Figure 4.. Proteomic analysis of the stroma and tumor of single uterine and ovarian as well as synchronous uterine and ovarian cancer.

A, PCA of 353 cancer type (single or dual) specific tumor proteins as shown in Fig. 3D. B, PCA of 418 cancer type (single or dual) specific stroma proteins as shown in Fig. 3D. C, Protein loadings of the stromal PCA shown in panel A. Top proteins along principal component 1 are shown. D, Upper panel: Unsupervised hierarchical clustering of tumor samples after stringent data filtering (Methods) and normalization by anatomical site. The four groups EEC, EOC, SEOC_Ut, SEOC_Ov are represented here by “Group” (Single vs. SEOC) and “Tissue” (Endometrium vs. Ovary). Note, SEOCs show no apparent clustering trend. Lower panel: Corresponding analysis for stromal samples. Note, two clusters were identified with 85% of SEOCs grouping together in the same cluster (dark color). Color bars depict sample groups and molecular subtype according to ProMisE (38,39) determined by the presence of pathogenic POLE mutations (40) (Suplementary table S2), low protein levels of mismatch repair complex (MMR) proteins, namely MLH1, MSH2, MSH6, but not PMS2 since it was not measured, or TP53 mutations. Stromal protein levels are superior to tumor protein levels in differentiating between dual and single tumors. E, Heatmap using unsupervised hierarchical clustering of group averaged proteomes based on 47 histology markers from healthy endometrium and ovary based on enrichment profiles from the Human Protein Atlas (HPA) (upper panels) or the 1,000 most variably expressed proteins in the dataset (lower panels). Of note, synchronous cancers from the ovary are closer to uterine derived single and synchronous cancers than to single ovarian cancers. Stromal samples cluster by anatomic site.

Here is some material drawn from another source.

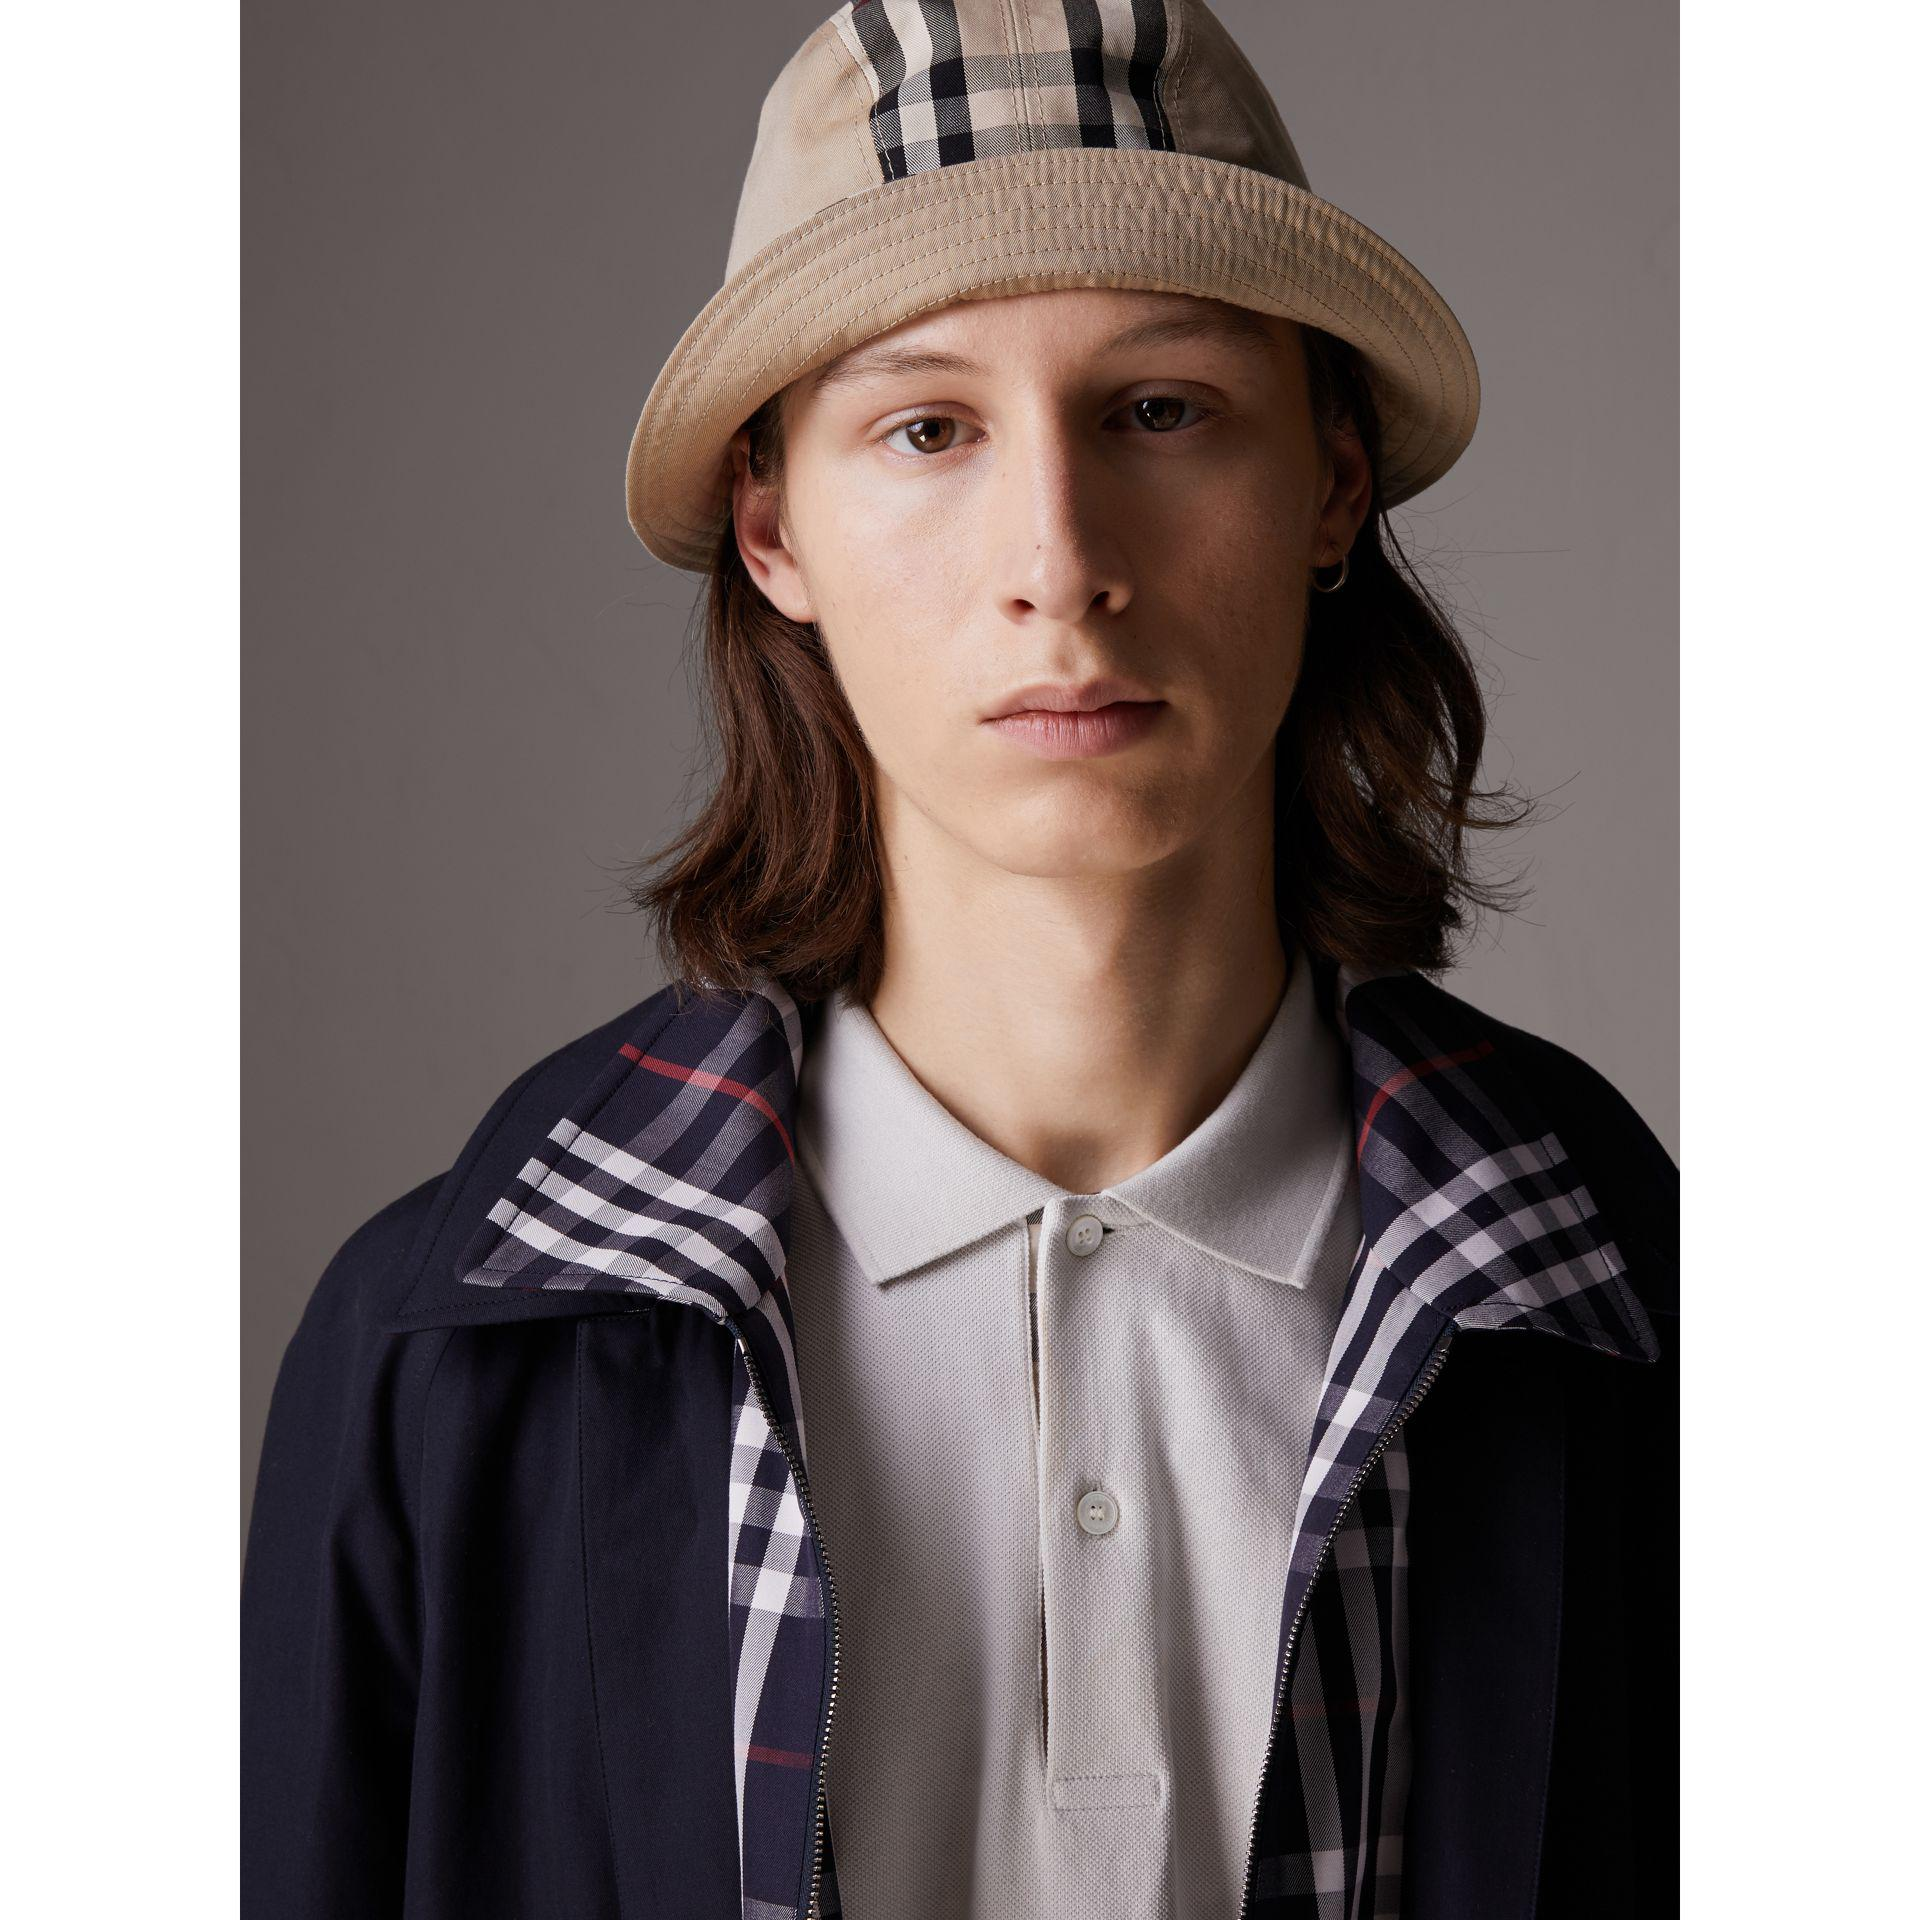 Lyst - Burberry Gosha X Bucket Hat for Men 60f4e74467e

Figure 5.. Machine learning can predict the origin of synchronous cancers using proteomics data.

A, Overview of a machine learning-based stratification strategy to predict dual and single cancers based on compartment-resolved MS-based proteomics using a training and test dataset, CV: cross-validation. B, Receiver operating curve (ROC) curve of SEOC predictor based on the 20 top featured proteins of the stromal compartment. C, Relative protein quantification values of the top 20 stroma-specific protein candidates that discriminate dual from single cancers. D, ROC curve of SEOC predictor based on the 20 top featured proteins of the tumor compartment E, Relative protein quantification values of the top 20 tumor-specific protein candidates that discriminate dual from single cancers.